The image of God—tzelem Elohim—is often front and center in animating Jewish human rights work. The recent release of the movie Exodus: Gods and Kings (which, admittedly, I have not seen) gave me pause to contemplate the tzelem’s counterpart—the voice of God.

Director Ridley Scott is taking some flak for casting 11-year-old Isaac Andrews as God, a decision he explains as stemming from his desire not to be cliché and from the idea of a shepherd boy.

This stands in sharp contrast to Darren Aronofsky’s decision, in his film Noah, not to portray God at all. Noah must deduce from signs and dreams what God wants him to do, with dramatic and frightening consequences.

The directors of 1998’s Prince of Egypt took yet another approach. At first, they tried a choral voice, composed of all the film’s actors, with different voices coming to the fore in different moments. “It crossed the line theologically and so we had to abandon that idea,” says film editor Nick Fletcher. (Too bad—this rabbi thinks that would have been theologically spot-on). They ultimately chose to have Val Kilmer voice both God and Moses, as if to imply that Moses heard God speaking to him in Moses’ own voice—perhaps following the midrash to that effect in the Talmud, Brachot 45a. This was also the case in The Ten Commandments, when Charlton Heston played both prophet and God (though no on-screen credit was given for the latter).

Perhaps most famously, several parshiyot from now, there is the midrash that when God spoke the Ten Commandments, “All at Mount Sinai, young and old, women, children and infants, heard the voice of God according to their ability to understand” (Shemot Rabbah 5:9).

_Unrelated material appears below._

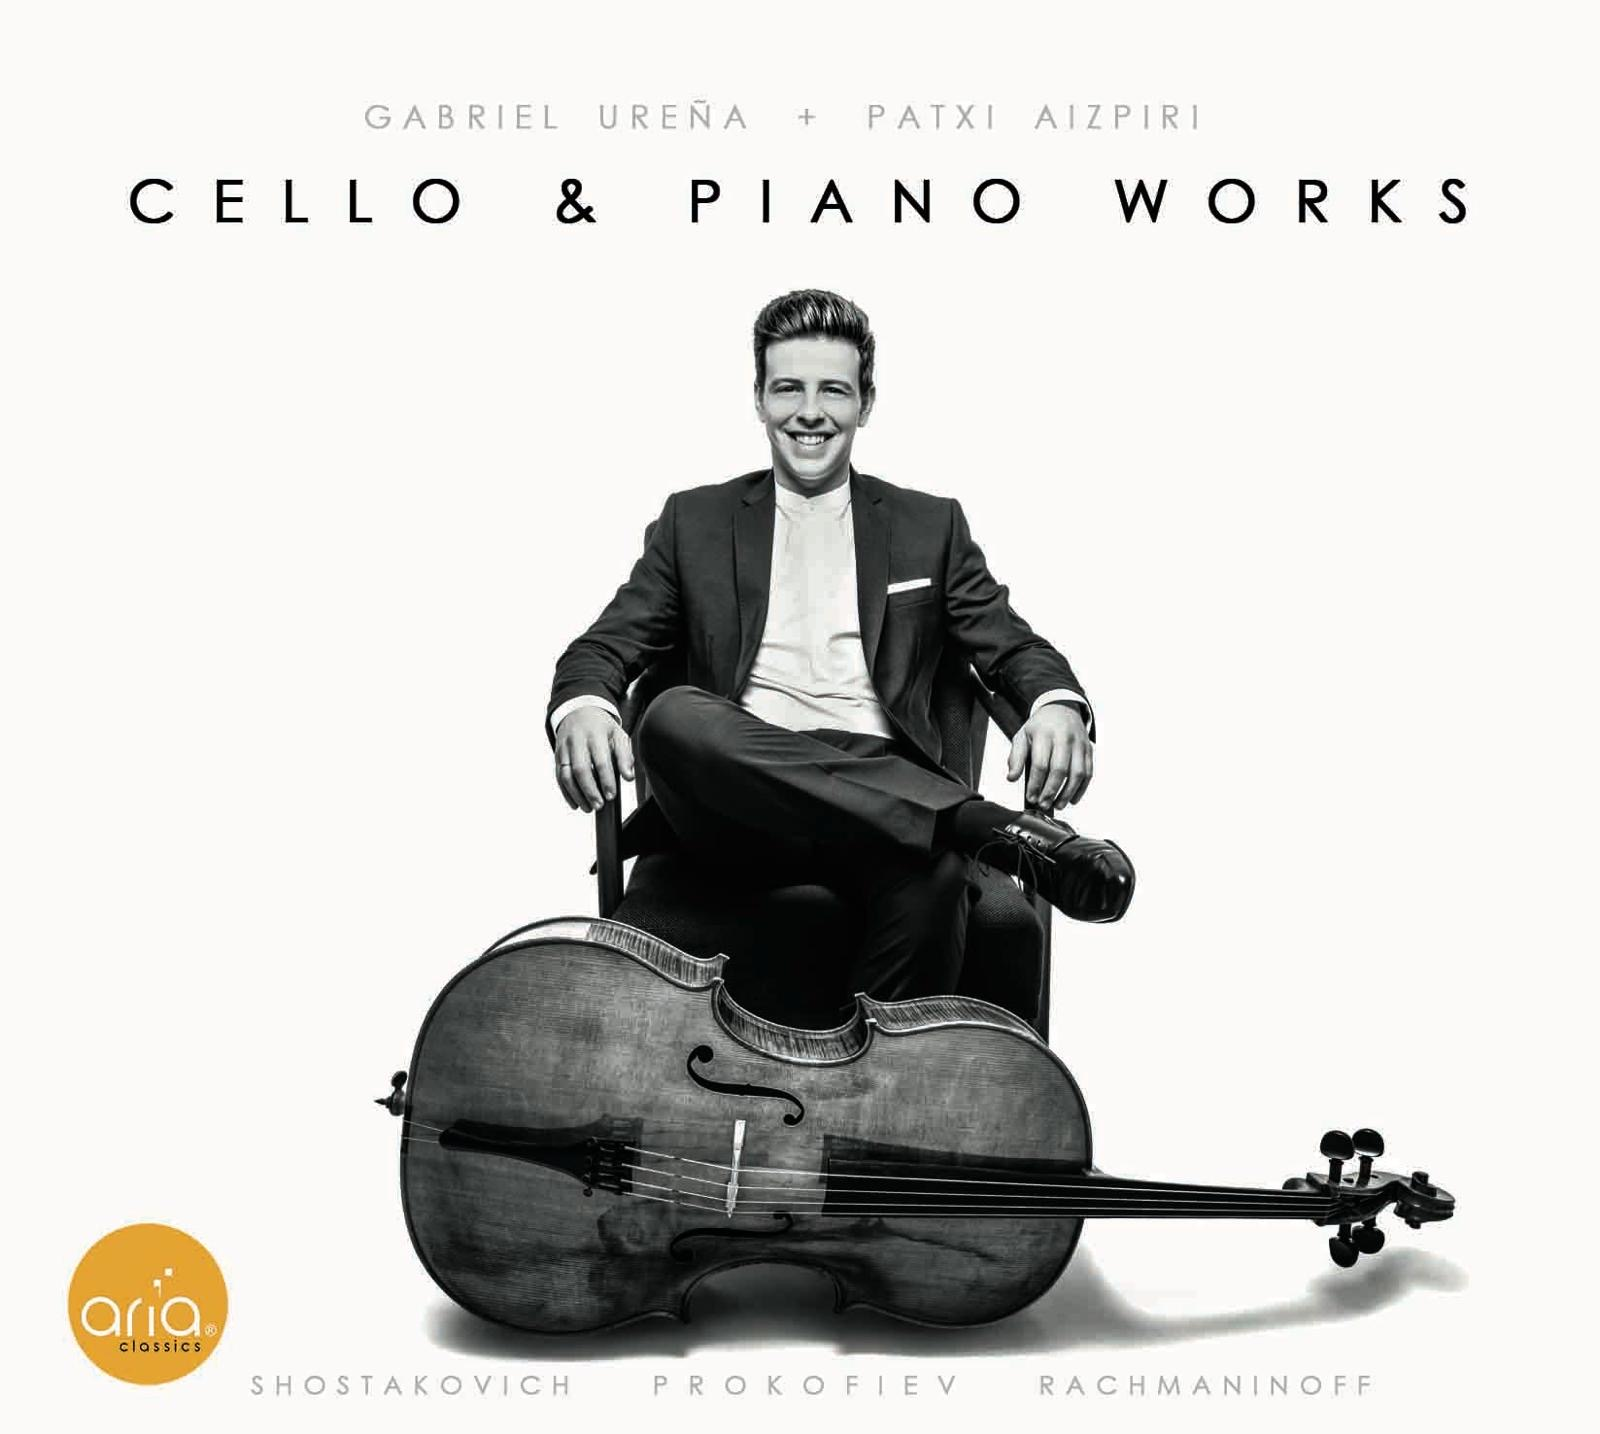 Cello & Piano Works Patxi Aizpiri & Gabriel Ureña

How and where do we hear the voice of God in today’s world of social justice? Is it the voice of Martin Luther King, Jr., and his successors, speaking out in ringing tones from monuments and balconies before an audience of thousands? The voice of the policy wonk who knows the precise policy interventions to propose, or of the back-room politician knowing whose back to scratch in order to move reform forward?

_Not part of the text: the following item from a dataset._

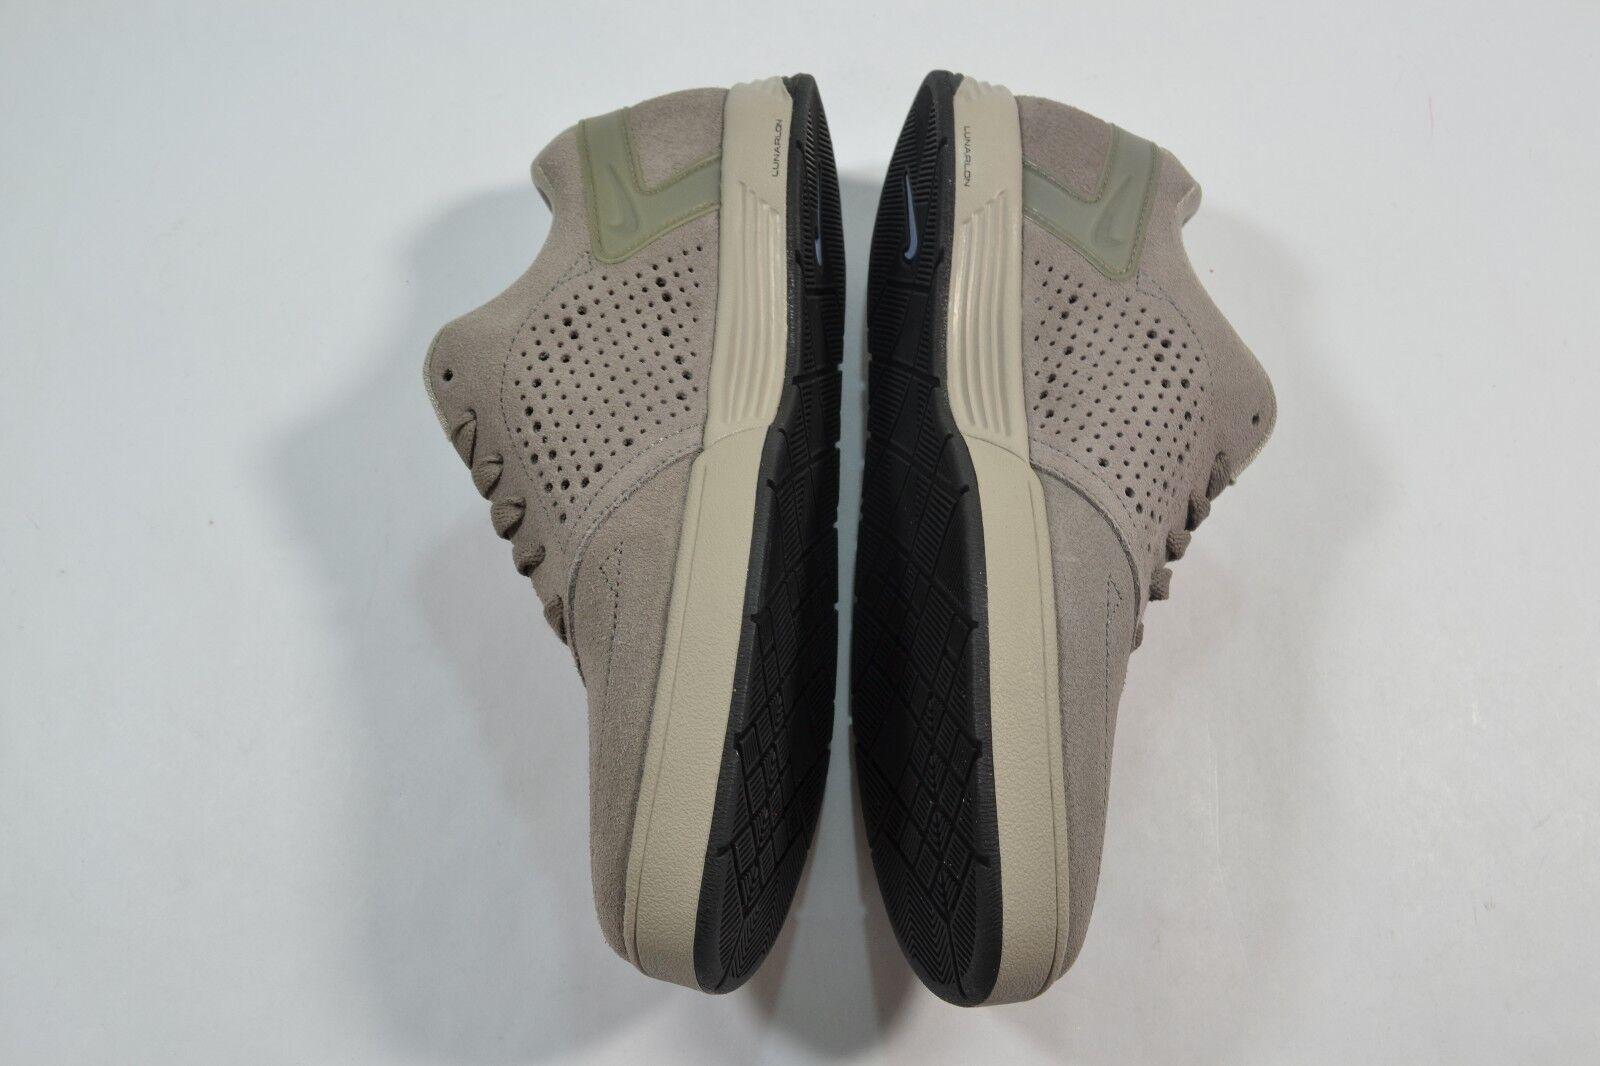 the latest d94bb 858ea ... Nike Nike Nike PAUL RODRIGUEZ 6 Soft Grey Work Blue Discounted (191)  Men s Shoes ...

God speaks in all of these ways and more, but the most important lesson I have learned in my year and a half at T’ruah is to hear the voice of those most affected by a given human rights issue. In our work fighting human trafficking, we take our cues from the Coalition of Immokalee Workers, the tomato farmworkers who have transformed an industry. When we advocate for the rights of Bedouins—Israeli citizens—not to be forcibly removed from their homes, we listen first to what they want, the lives they want to lead. On the police violence front, we follow the leadership of the young black organizers who emerged from Ferguson, Missouri. When we as rabbis speak out, bringing the power of Jewish tradition and the privilege of our station to bear on these issues, we seek to amplify the divine echoes we hear in our compatriots’ words.

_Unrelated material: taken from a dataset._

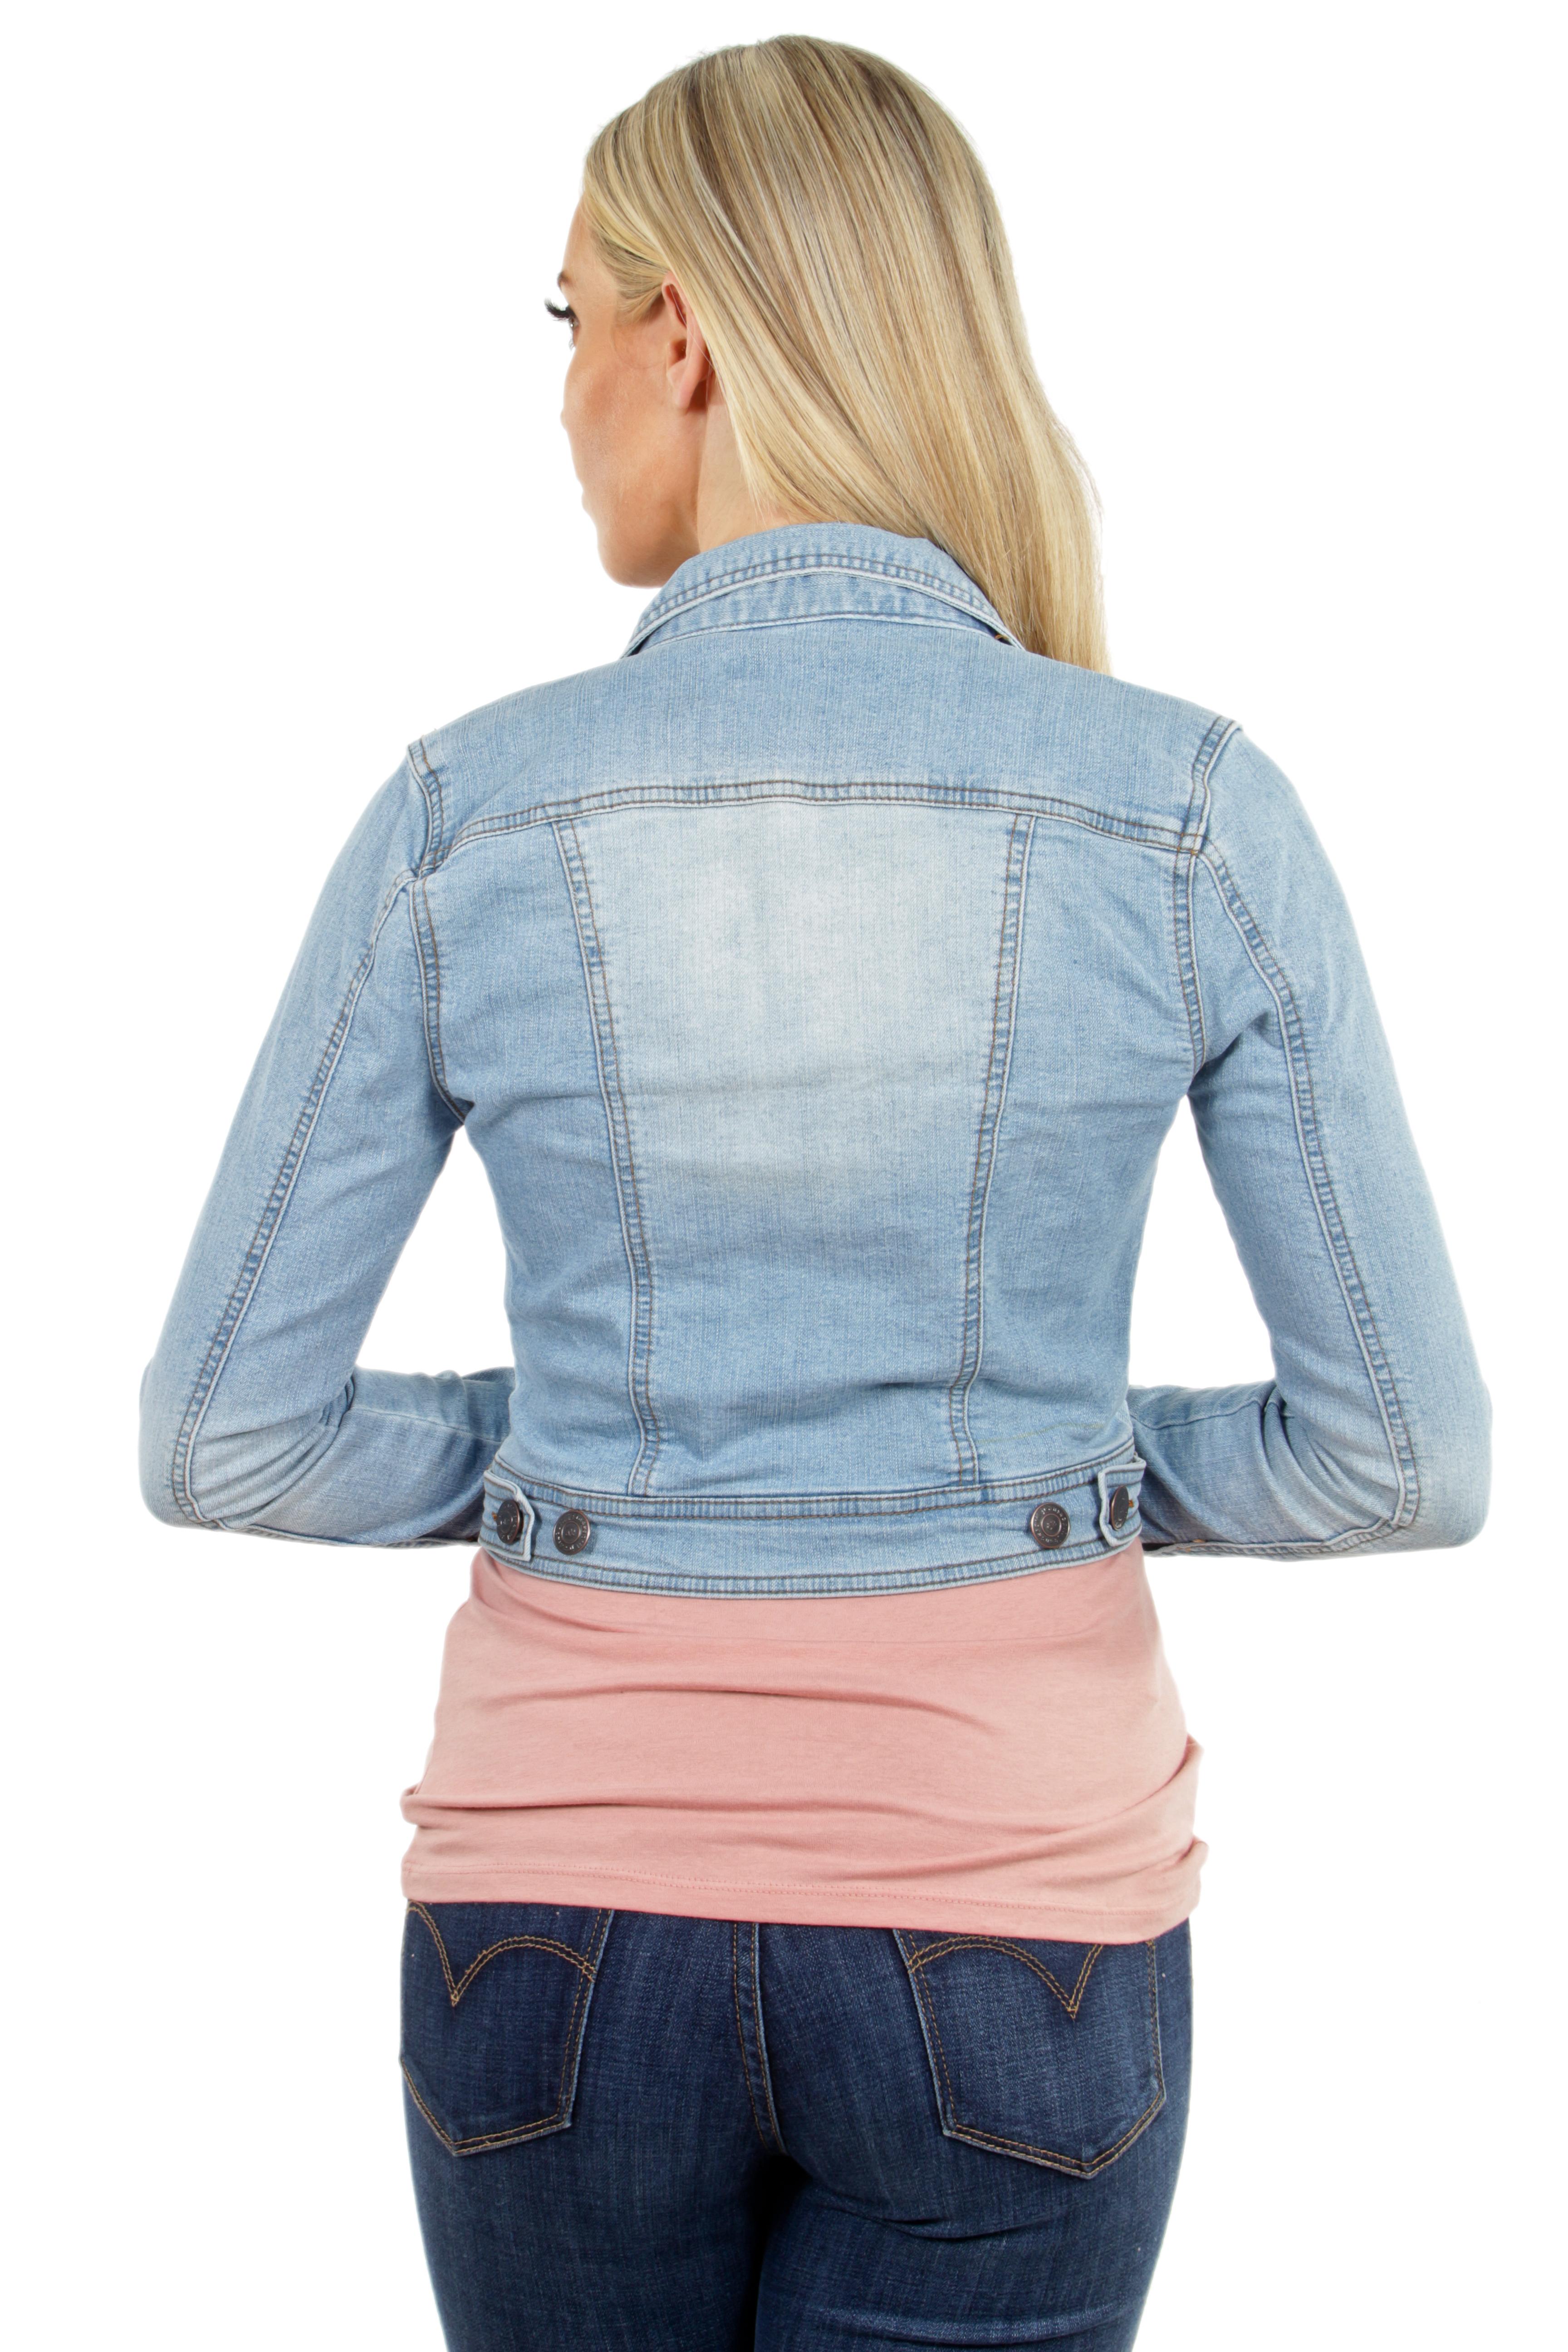 Women-039-s-Juniors-Premium-Stretch-Denim-Long-Sleeve-Jacket thumbnail 7

I’m grateful to my father, Rabbi David Nelson, for suggesting a final interpretive twist. Psalm 150 ends with this line: Halleluhu be-tziltzelei shama, Halleluhu be-tziltzelei t’ruah. Translating loosely, we learn that before we can do the work of t’ruah, of sounding a call for human rights, we must first do the quieter work of shema, of listening to the voices of those whose rights are being trampled. As we begin 2015 and the book of Shemot, may we recommit to listening for the voice of God in all the myriad places we may find it.

 

Rabbi Lev Meirowitz Nelson is Director of Education at T’ruah. He edits Torah from T’ruah and enjoys contributing from time to time. Lev, his wife Eliana, and their son Barzilai live in Brooklyn.